The Henry River and, below its confluence with the that river, the Mann River, form the boundary between the Clarence Valley and Glenn Innes Severn local government areas, and consequently, the Newton Boyd locality is divided between those two local government areas.

== History ==
The area was said to be called Begann in the local Aboriginal language.

The first use of the name Newton Boyd was as the name of a squatter run licensed under Archibald Boyd, cousin of Benjamin Boyd, who claimed the run as his own as well as others which were owned nominally by his cousins or business partner Joseph Phelps Robinson. The town of Newton Stewart in Scotland was near where Benjamin Boyd was raised. The name was in use by 1845, and Boyd occupied the land until 1849.

Despite being occupied by colonial settlers following the establishment of the run, in the 1870s there were still around 200 local Aboriginal people living in the area, and some acts of violence between the two communities. An Aboriginal man, Billy Buchan, who had worked as a stockman at Newton Boyd, and died in 1915, recalled two massacres of Aborigines, by vengeful colonial settlers, in northern New South Wales.

In November 1869, the bushranger known as Captain Thunderbolt, Frederick Wordsworth Ward (c. 1835 – 1870), was alone, in the area of the headwaters of the Clarence River catchment. He held up Broadmeadows Station followed by a road camp, stealing a horse, a revolver and ammunition from the road superintendent. He was pursued by police, but managed to evade capture.

== Village ==
The village of Newton Boyd, officially a town, was located on both sides of a road crossing of the Henry River upstream of its confluence with the Mann River. A site of 1,440 acres was reserved for a village in 1866, 70 chains east of the woolshed of the Newton Boyd run.

In the time before the railway was built to Glen Innes, the old road from Grafton, via Dalmorton and Newton Boyd, completed around 1869, was the main route for transport to and from the Northern Tablelands. A hotel was nearing completion at the crossing of the Henry River by September 1871. In August 1871, a site was reserved for the town of Newton Boyd. By late 1874, the hotel and a blacksmith's shop were the only buildings in the town, with the same person serving as both innkeeper and blacksmith. In 1875, a contract was awarded for a bridge across the Henry River at Newton Boyd.

Local Aboriginal people supplied the hotel with fish that they caught in the river, in exchange for alcohol. A local free selector supplied the hotel with other produce.

In October 1918, the settlement hosted a visit by General Pau and others of a visiting French mission.

During the early 1920s, some larger holdings in the area were sub-divided and converted to dairy farming, and a cheese factory opened at Newton Boyd. A sawmill opened around the same time, and timber getting in the nearby forests was also an occupation for residents of Newton Boyd.

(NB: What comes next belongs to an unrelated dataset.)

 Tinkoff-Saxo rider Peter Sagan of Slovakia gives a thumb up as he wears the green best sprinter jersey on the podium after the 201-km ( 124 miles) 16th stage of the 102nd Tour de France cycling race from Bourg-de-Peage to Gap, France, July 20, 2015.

There was also some gold mining in the area, and, in 1918, there was a molybdenite mine about two miles from the village. Despite these sources of employment, Newton Boyd never grew into a large settlement.

The hotel, by then known as the Rosemount Hotel, was badly damaged by fire in January 1941, and its licence was surrendered in late 1941. By then, the population, within a five mile radius was said to be less than 25. Newton Boyd had a school from January 1896 to December 1974. The village had a post office. There was also a war memorial hall, opened, in September 1924, by Governor de Chair, who also unveiled the village's war memorial.

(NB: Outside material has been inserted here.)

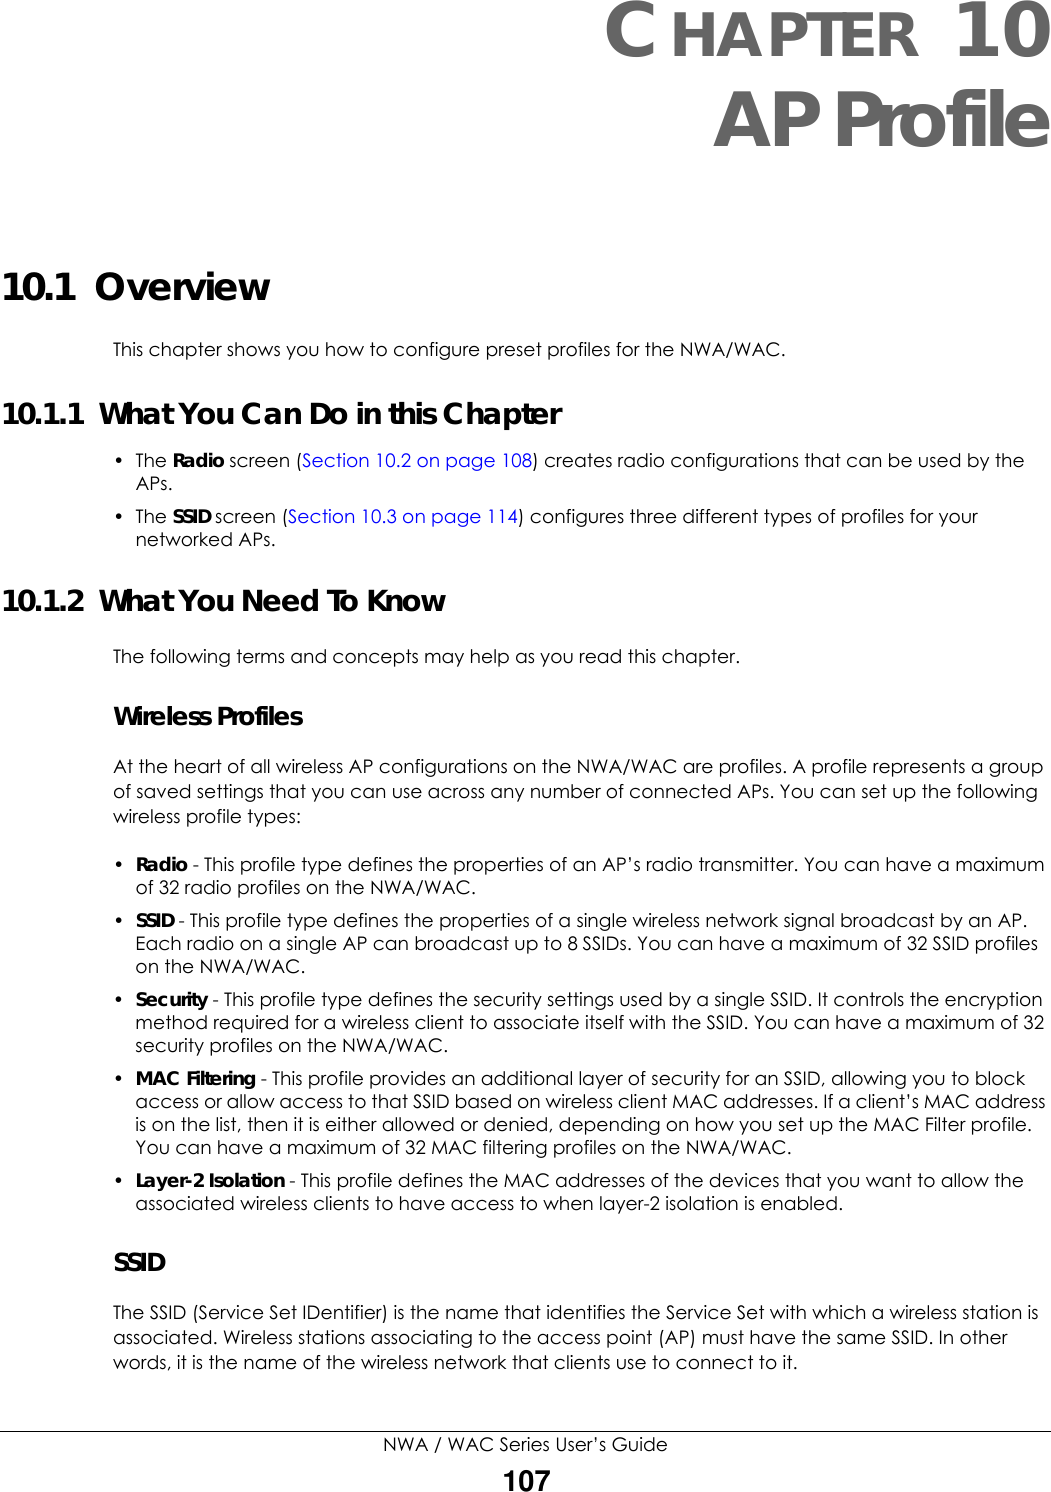 NWA / WAC Series User’s Guide107CHAPTER 10AP Profile10.1  OverviewThis chapter shows you how to configure preset profiles for the NWA/WAC. 10.1.1  What You Can Do in this Chapter• The Radio screen (Section 10.2 on page 108) creates radio configurations that can be used by the APs.• The SSID screen (Section 10.3 on page 114) configures three different types of profiles for your networked APs.10.1.2  What You Need To KnowThe following terms and concepts may help as you read this chapter.Wireless ProfilesAt the heart of all wireless AP configurations on the NWA/WAC are profiles. A profile represents a group of saved settings that you can use across any number of connected APs. You can set up the following wireless profile types:•Radio - This profile type defines the properties of an AP’s radio transmitter. You can have a maximum of 32 radio profiles on the NWA/WAC.•SSID - This profile type defines the properties of a single wireless network signal broadcast by an AP. Each radio on a single AP can broadcast up to 8 SSIDs. You can have a maximum of 32 SSID profiles on the NWA/WAC.•Security - This profile type defines the security settings used by a single SSID. It controls the encryption method required for a wireless client to associate itself with the SSID. You can have a maximum of 32 security profiles on the NWA/WAC.•MAC Filtering - This profile provides an additional layer of security for an SSID, allowing you to block access or allow access to that SSID based on wireless client MAC addresses. If a client’s MAC address is on the list, then it is either allowed or denied, depending on how you set up the MAC Filter profile. You can have a maximum of 32 MAC filtering profiles on the NWA/WAC.•Layer-2 Isolation - This profile defines the MAC addresses of the devices that you want to allow the associated wireless clients to have access to when layer-2 isolation is enabled. SSIDThe SSID (Service Set IDentifier) is the name that identifies the Service Set with which a wireless station is associated. Wireless stations associating to the access point (AP) must have the same SSID. In other words, it is the name of the wireless network that clients use to connect to it.

In 1924 and 1959, the area of the town was reduced by the closure of some streets. In 1968, Newton Boyd was mentioned only as a hamlet.

== Present day ==
There is little left of the village now, other than its war memorial. The roll of honour from the Newton Boyd hall is now at a museum in Glen Innes. The portion of the main road through the village site is still known as Clarence Street, and it provides the link between Old Grafton Road (from the Glenn Innes end) and Old Glen Innes Road (from the Grafton end).

The land in the valley bottoms within the locality is mostly cleared for agriculture, and mainly used for grazing. Much of the higher, forested areas are either part of Nymboyda National Park or Gibraltar Range National Park.